= Nellie Clifden =

Actor and briefly girlfriend of Edward, Prince of Wales

Nellie Clifden was a nineteenth-century actress, believed to be of Irish extraction. She is known for her brief sexual relationship with the 19-year-old Albert Edward, Prince of Wales (Bertie), prior to his marriage to Princess Alexandra of Denmark.

Clifden met the young prince at a party in England and again when he was spending 10 weeks at Curragh Camp in Ireland with the Grenadier Guards in the late summer of 1861; he had previously been a sexual novice. While they were at Cambridge, Charles Carrington arranged for a liaison with Clifden. Guards officers later brought her to Ireland from England for the same purpose, and coded notes in the Prince's appointment book refer to trysts with "NC" on 6, 9, and 11 September 1861. The relationship may have lasted longer.

Information about the events reached the Prince's parents. His father Prince Albert duly visited his son at Cambridge, where they took a long walk in the rain, presumably to discuss the Prince's behaviour. Prince Albert's biographer Jules Stewart, says that Albert had lost faith in his son.

Prince Albert died soon after, and Queen Victoria attributed her husband's death to his worry over his son's conduct, particularly Bertie's "fall" at Curragh Camp; Albert had died of a broken heart, she incorrectly believed. She was also quoted as saying that Albert had been "killed by that dreadful business." At the time he was thought to have died of typhoid fever,
but more recent research suggests that Albert actually died from complications of Crohn's disease.

The Prince of Wales's affair with Clifden resumed after his return to London, which gave rise to gossip and scandal, but did not last long.
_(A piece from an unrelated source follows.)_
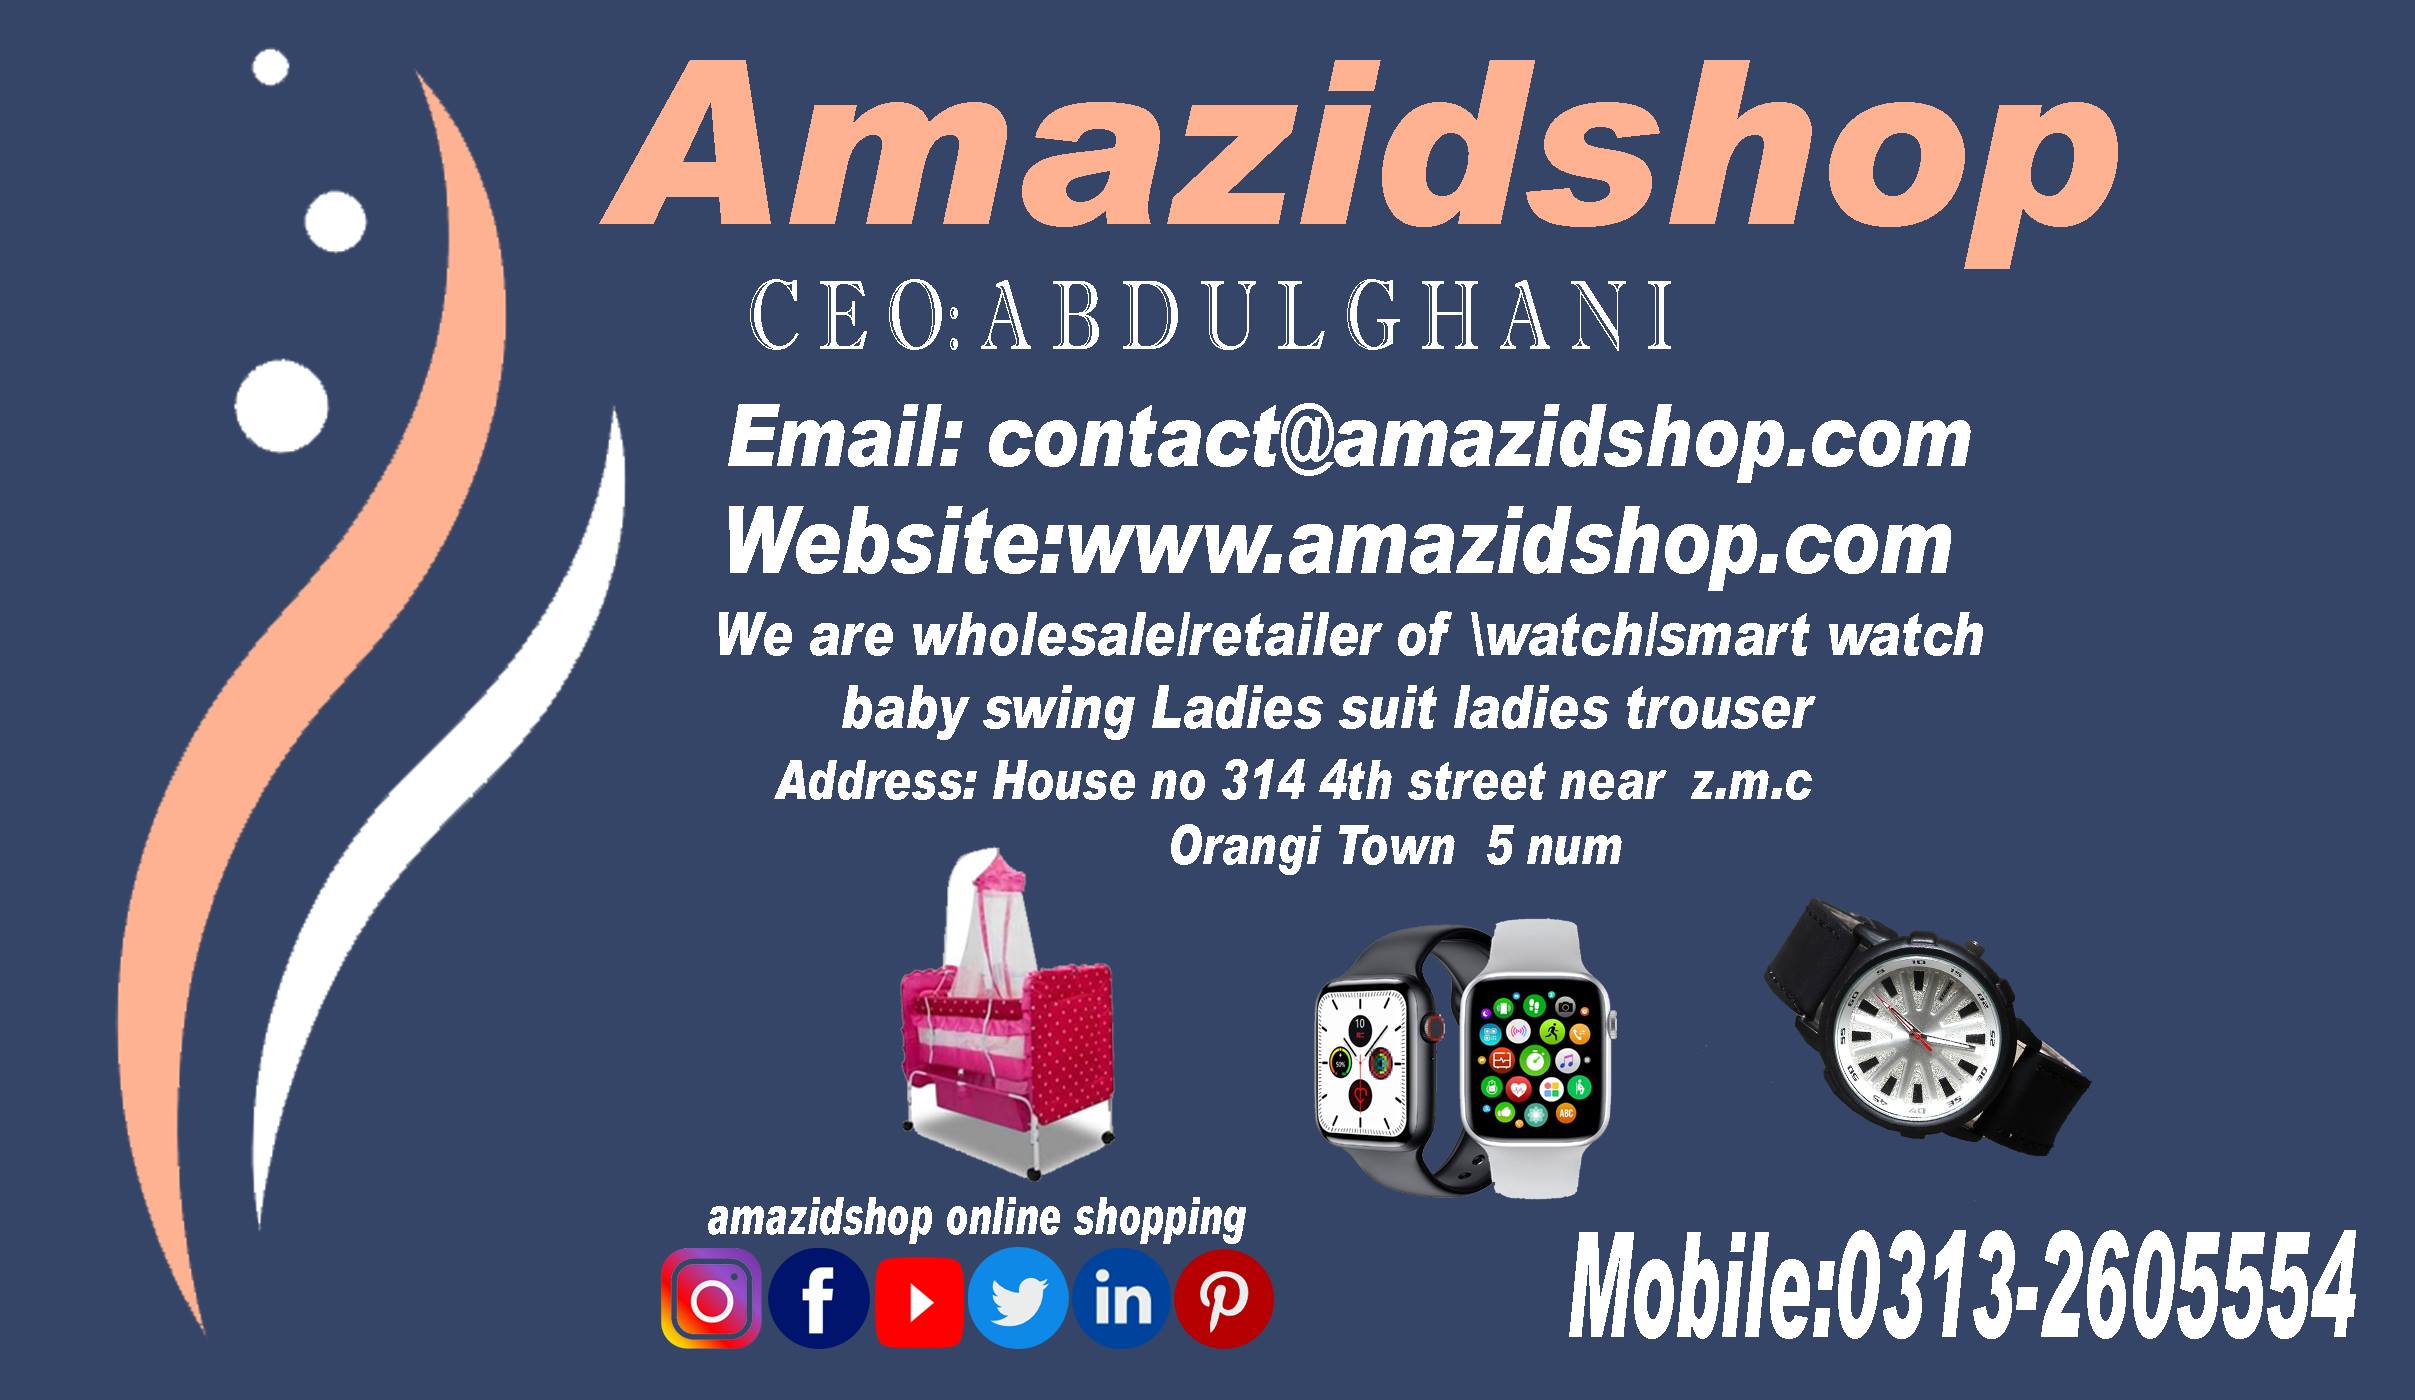 Amzidshop Online shoppig

He wrote to Carrington from Constantinople, while on an official tour in spring 1862: "I am sorry to see by your letter that you still keep up an acquaintance with NC [Nelly Clifden], as I had hoped that by this time that that was over". During his foreign tour, the Royal Family planned his marriage to Alexandra of Denmark, which took place in 1863.

Nothing is known of Clifden's later life.